Proposals for an Integrated Framework of Environmental Regulation The proposals outlined by SEPA will deliver a simpler legislative framework which will enable SEPA to focus greatest effort on the environmental problems that matter most. It will provide a more consistent range of enforcement tools so that, proportionate and effective action can be taken against those who would damage the environment.
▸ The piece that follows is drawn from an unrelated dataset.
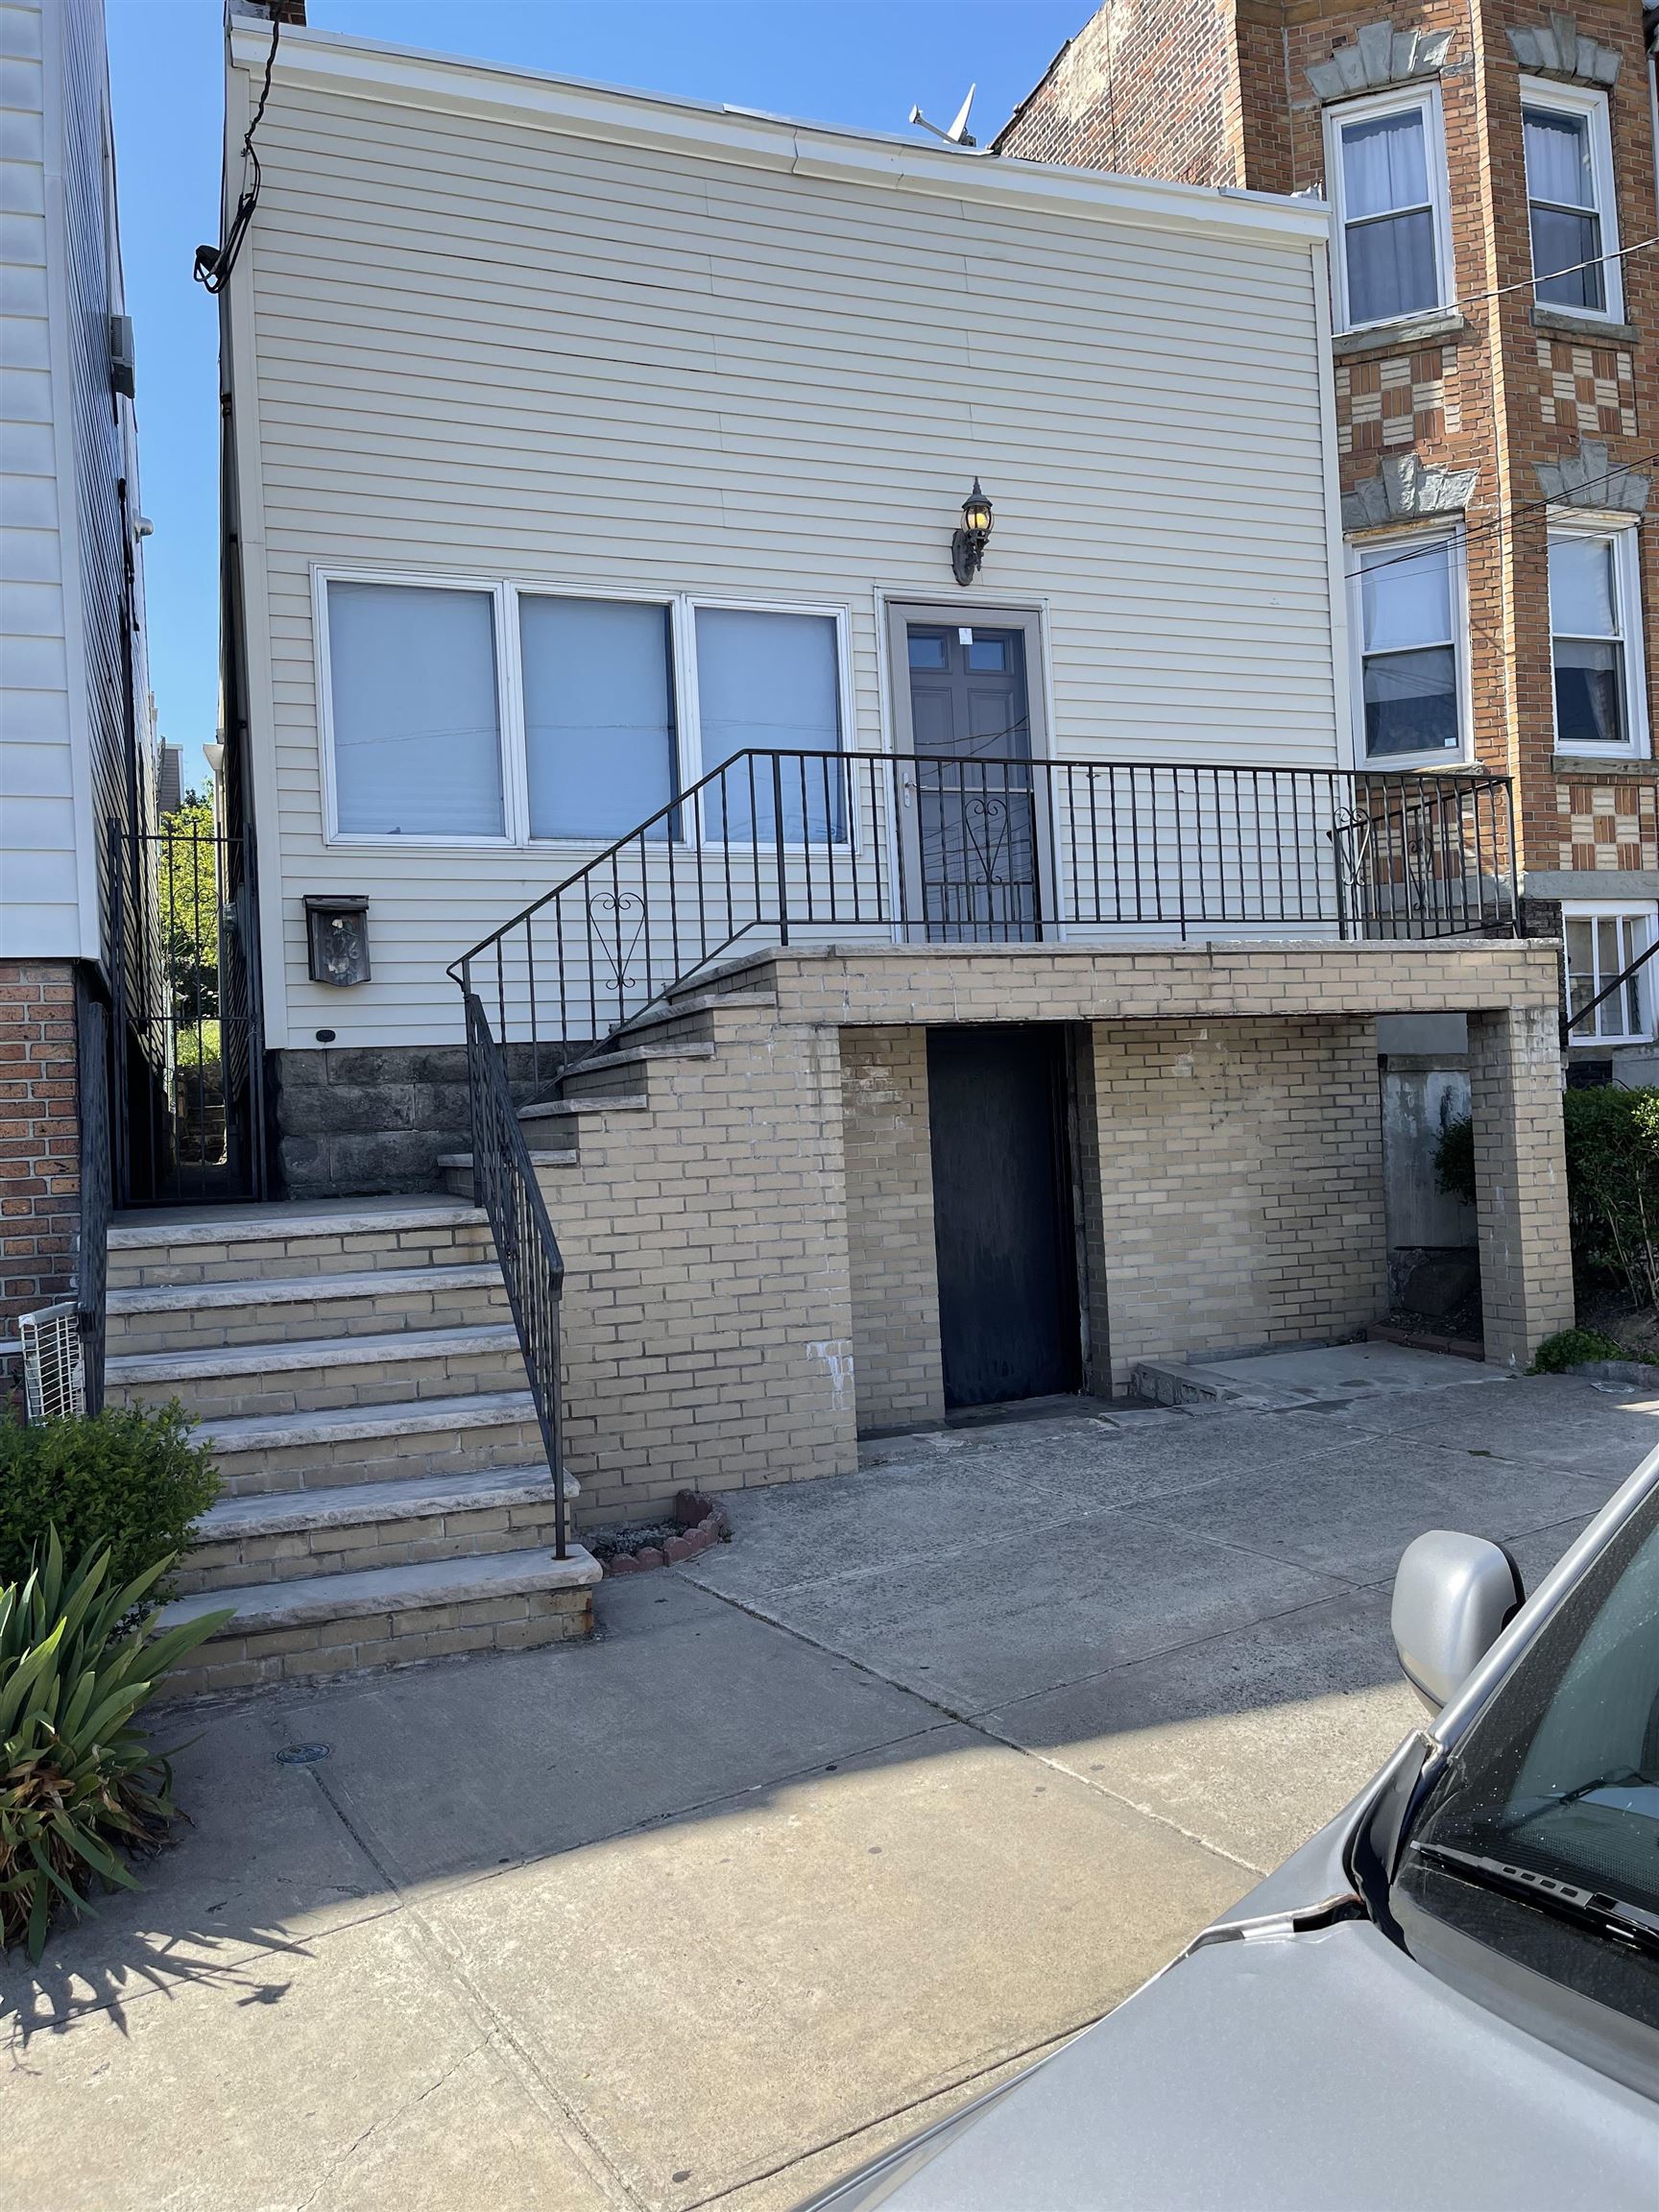 326 PATERSON PLANK RD, JC, Heights, NJ 07307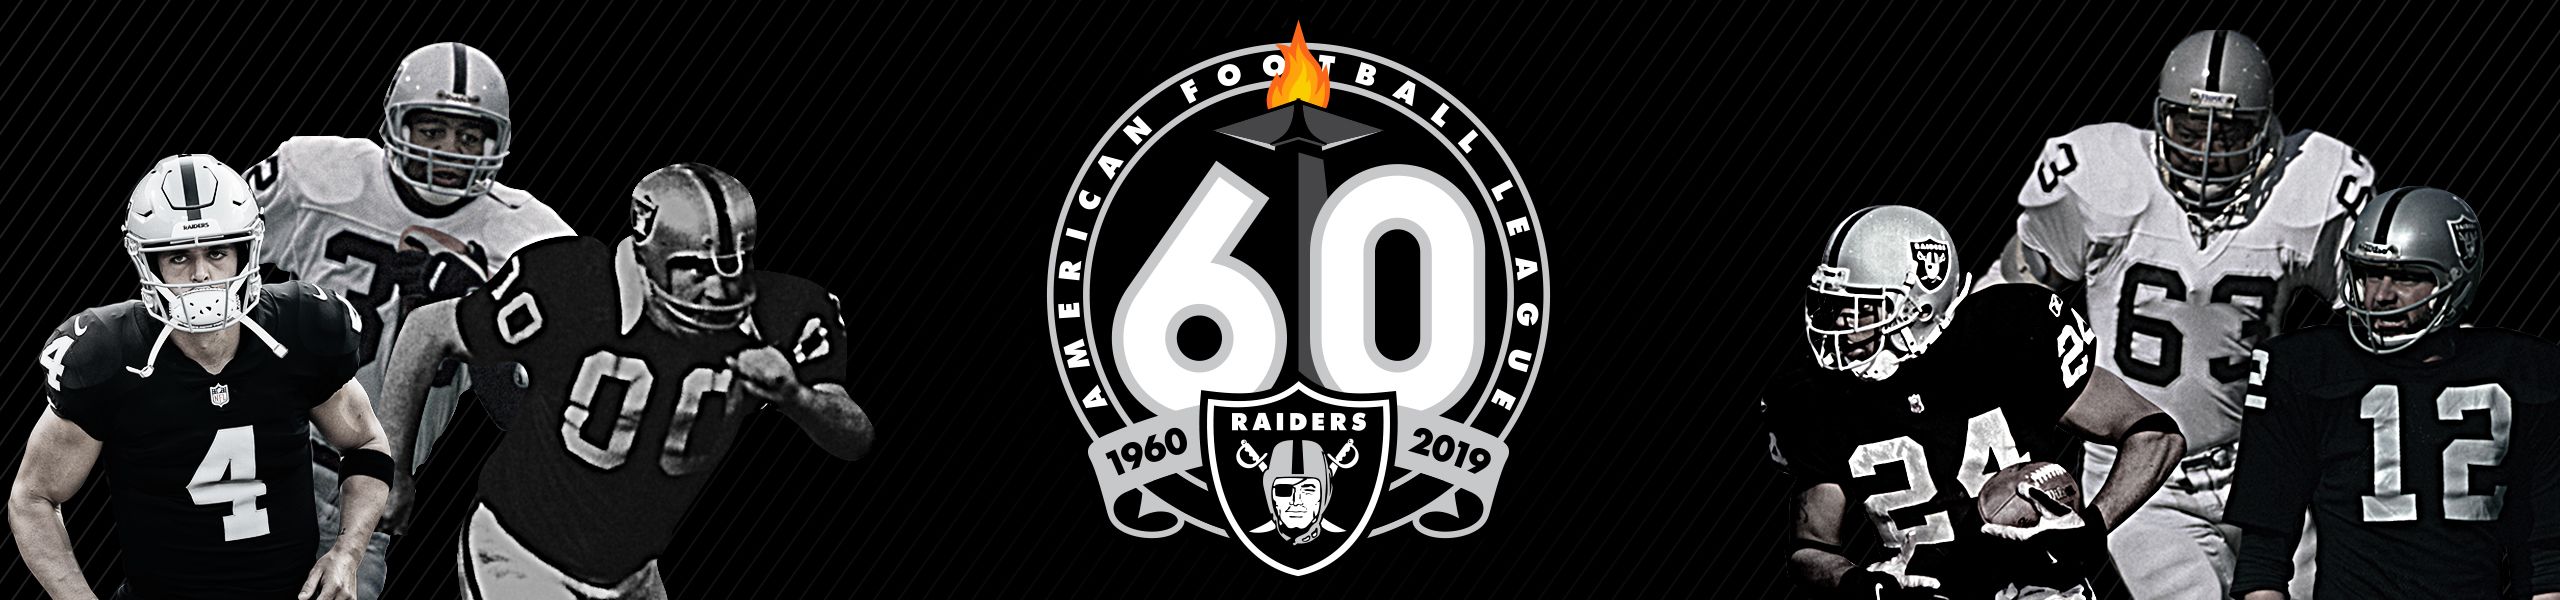 raiders 60th anniversary patch jersey

The consultation that has been undertaken built on previous consultations focusing on changes to the structure of environmental protection legislation in order to create a new, integrated framework for the permissions (licences, permits, rules etc) which will be used to control activities which could harm the environment.
Strategy for the management of Naturally Occurring Radioactive Material (NORM) waste in the United Kingdom

This consultation paper will be jointly published by the UK, Scottish, and Welsh Governments and by the Northern Ireland Department of the Environment.

This consultation accessible from the DECC website will conclude on 8th May 2014.

Consultation on the transposition in England and Wales of Articles 14(5)-(8) of the energy efficiency Directive (2012/27/EU) This consultation seeks views from interested parties on proposals to amend the Environmental Permitting Regulations to include some parts of the Energy Efficiency Directive (England and Wales only), helping Defra to identify cost-effective ways to improve energy efficiency.

This consultation accessible from the Defra website will conclude on 21st March 2014.

Environmental Liability Directive 2004/35/EC The Environmental Liability Directive was adopted in 2004 and was required to be implemented by 30 April 2007.  The Directive enforces strict liability for prevention and remediation of environmental damage to ‘biodiversity’, water and land from specified activities and remediation of environmental damage for all other activities through fault or negligence.

The Environmental Liability Directive is now implemented in England and Wales (see Environmental Liability). The Scottish Government has completed its 2nd consultation and regulations are pending.